• **Dataset excerpt**:
=== Begin Enclosure ===

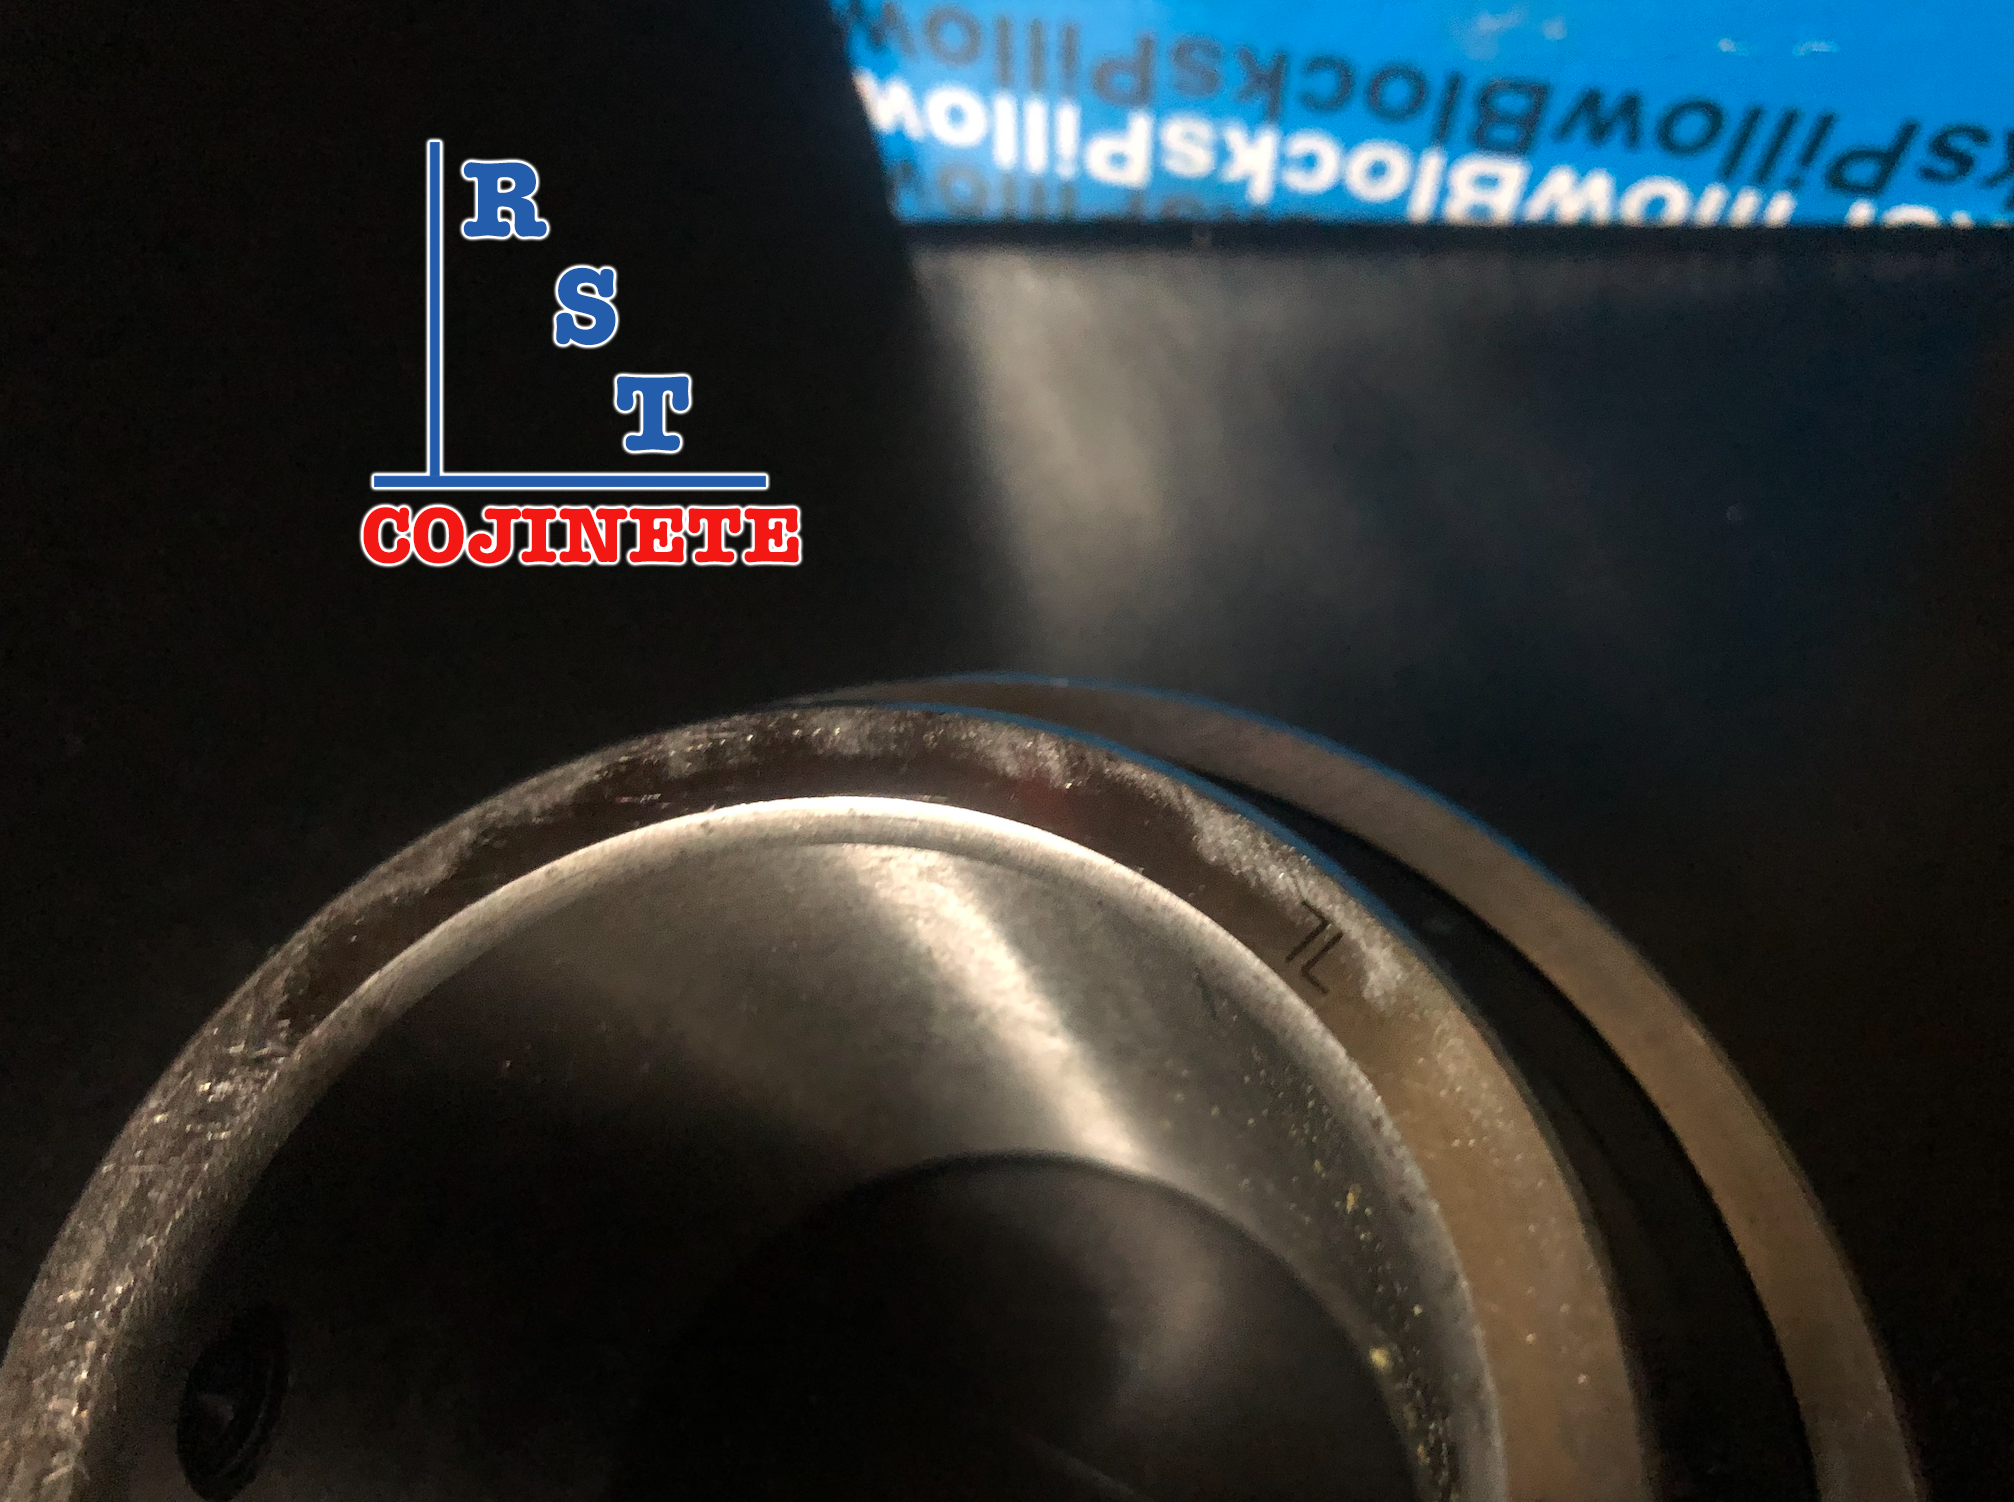 Cojinete insertable UC209-27 | Rodamiento para eje de 1-11/16" rígido de bolas con sello de hule para chumacera
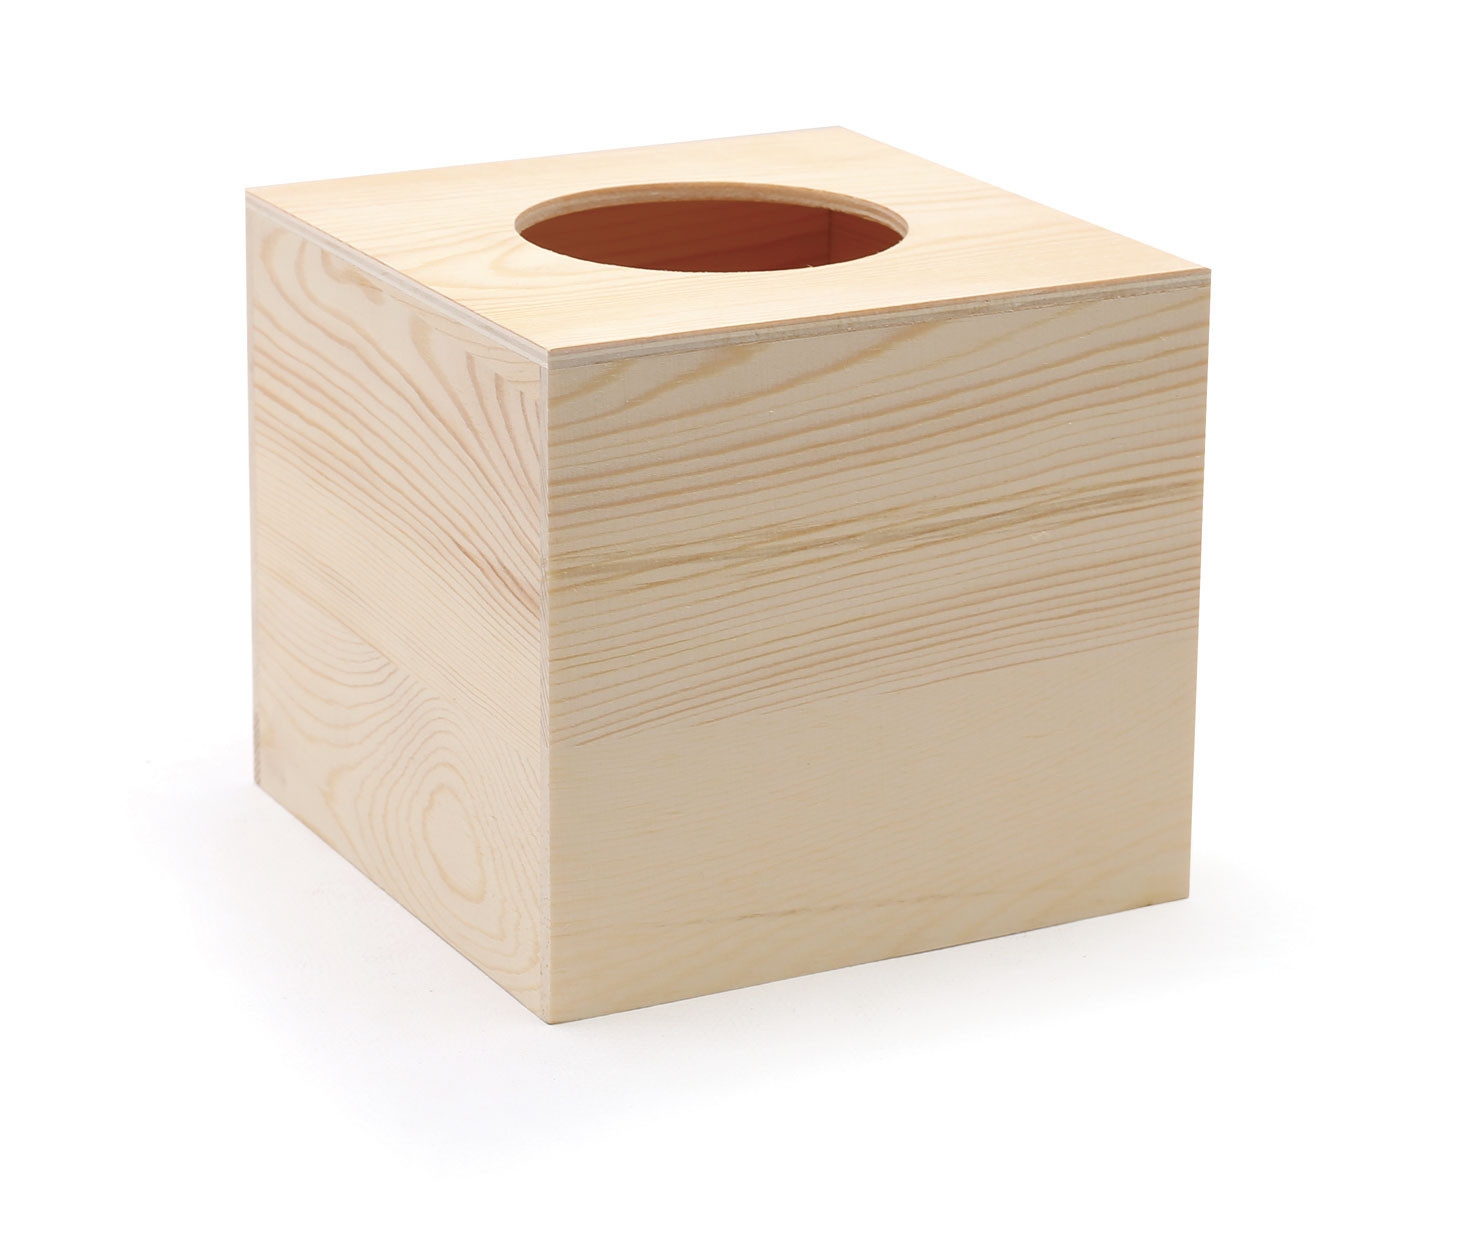 Boîte à mouchoir en bois carrée 13 x 13 x 14 cm
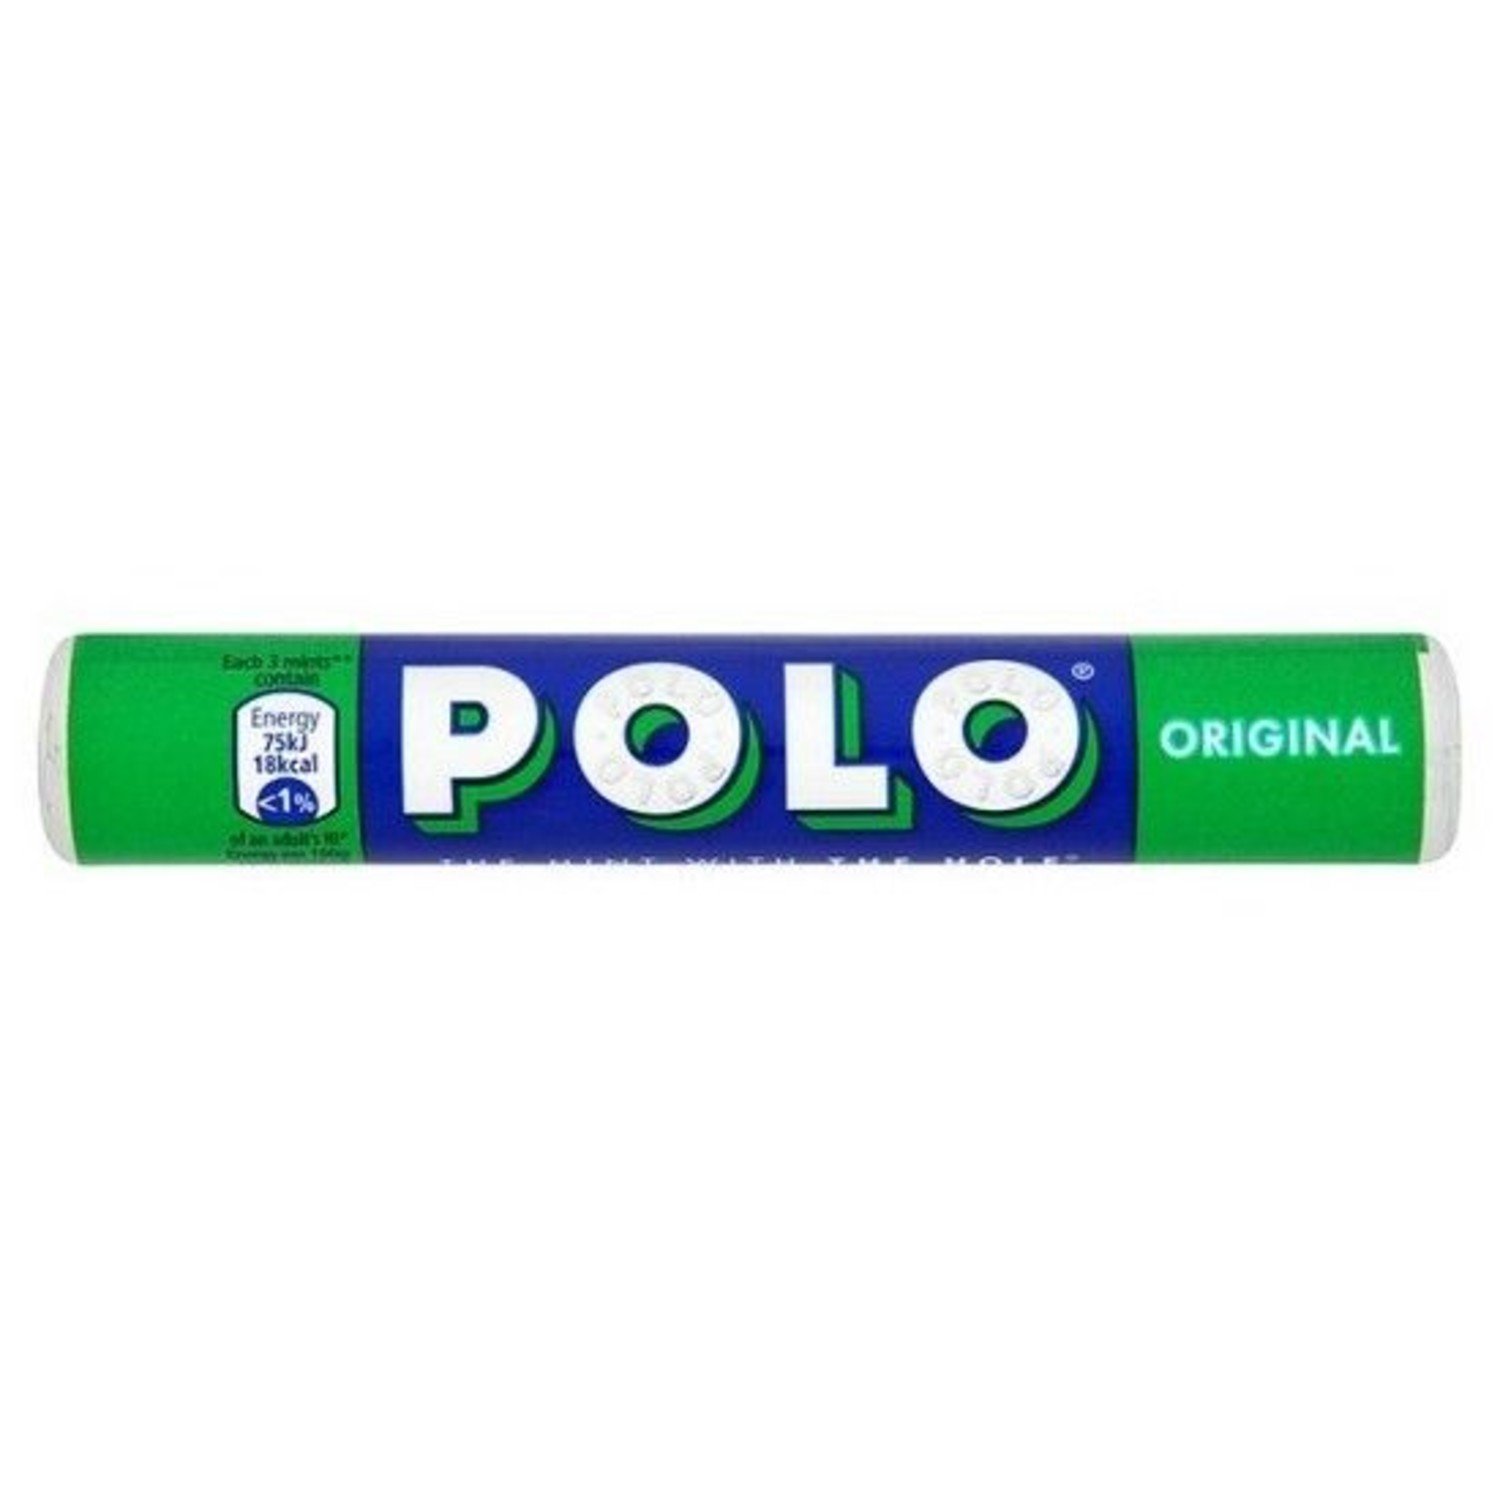 Polo Original – Chocola
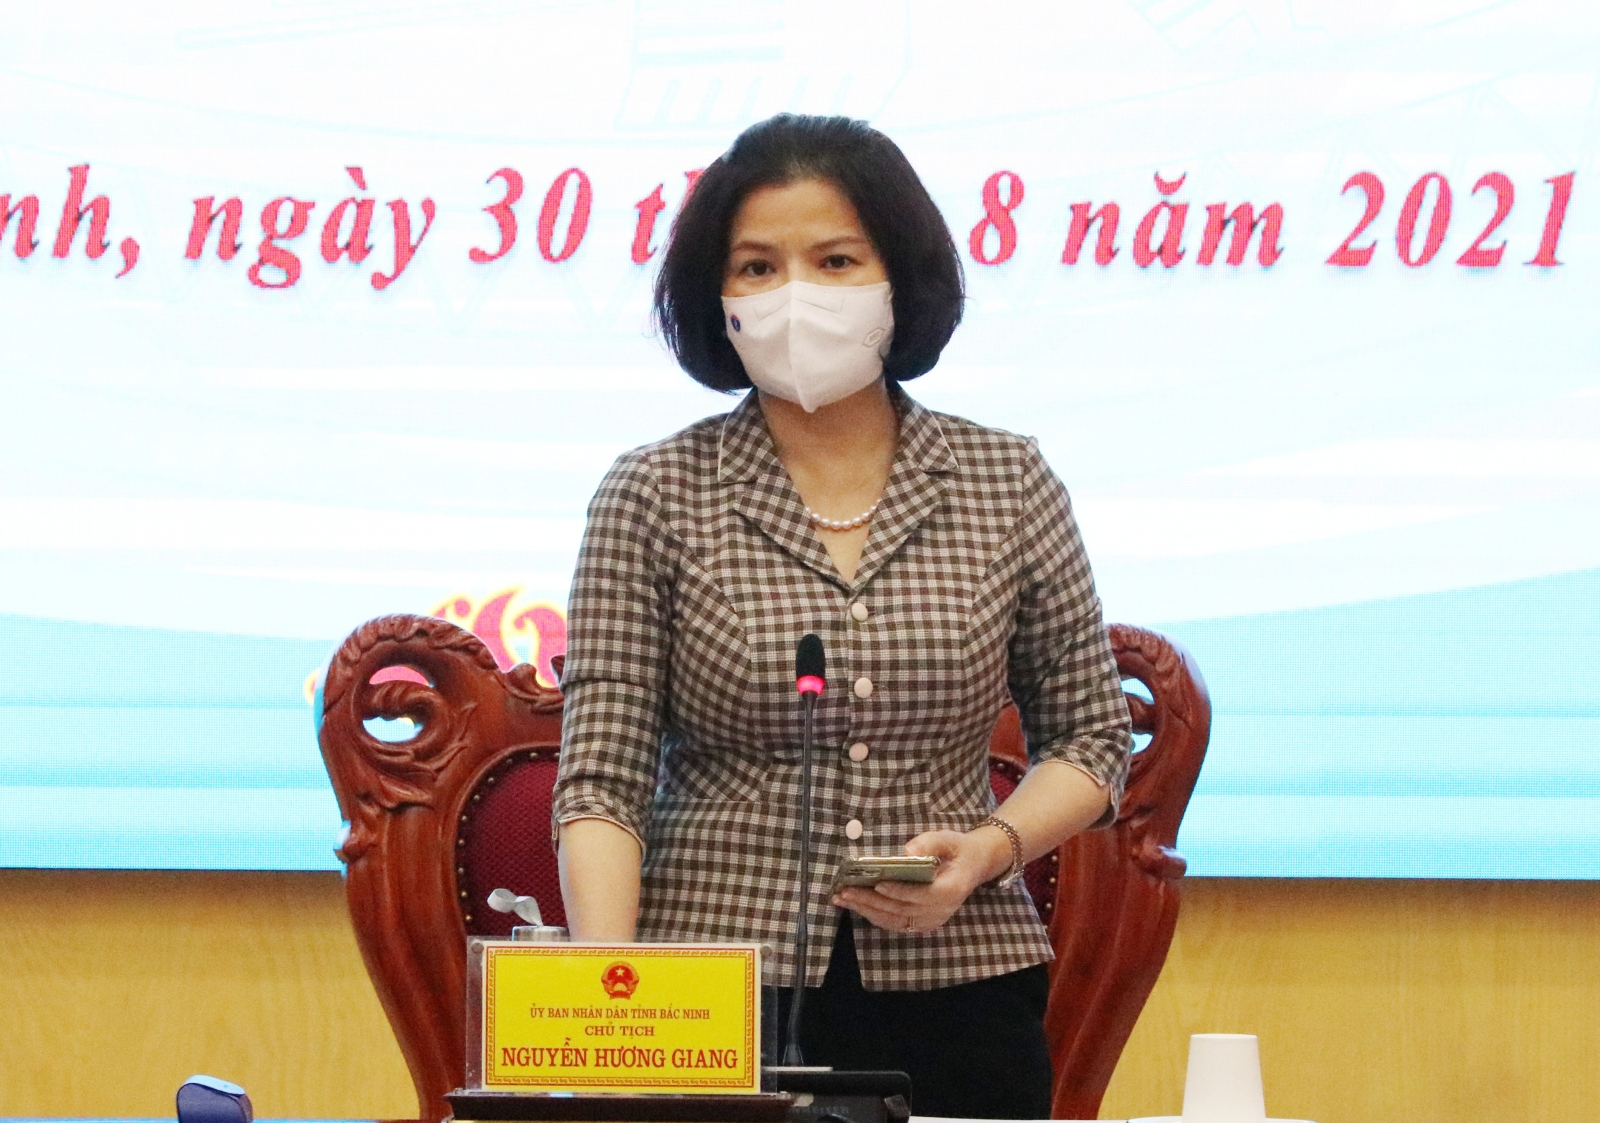 Bắc Ninh chủ động triển khai năm học linh hoạt, phù hợp với tình hình dịch bệnh

=== End Enclosure ===

• **Exercise prompt**: The response must repeat all the lines above exactly and include no pictures.

• **Exercise answer**:
 Cojinete insertable UC209-27 | Rodamiento para eje de 1-11/16" rígido de bolas con sello de hule para chumacera
 Boîte à mouchoir en bois carrée 13 x 13 x 14 cm
 Polo Original – Chocola
 Bắc Ninh chủ động triển khai năm học linh hoạt, phù hợp với tình hình dịch bệnh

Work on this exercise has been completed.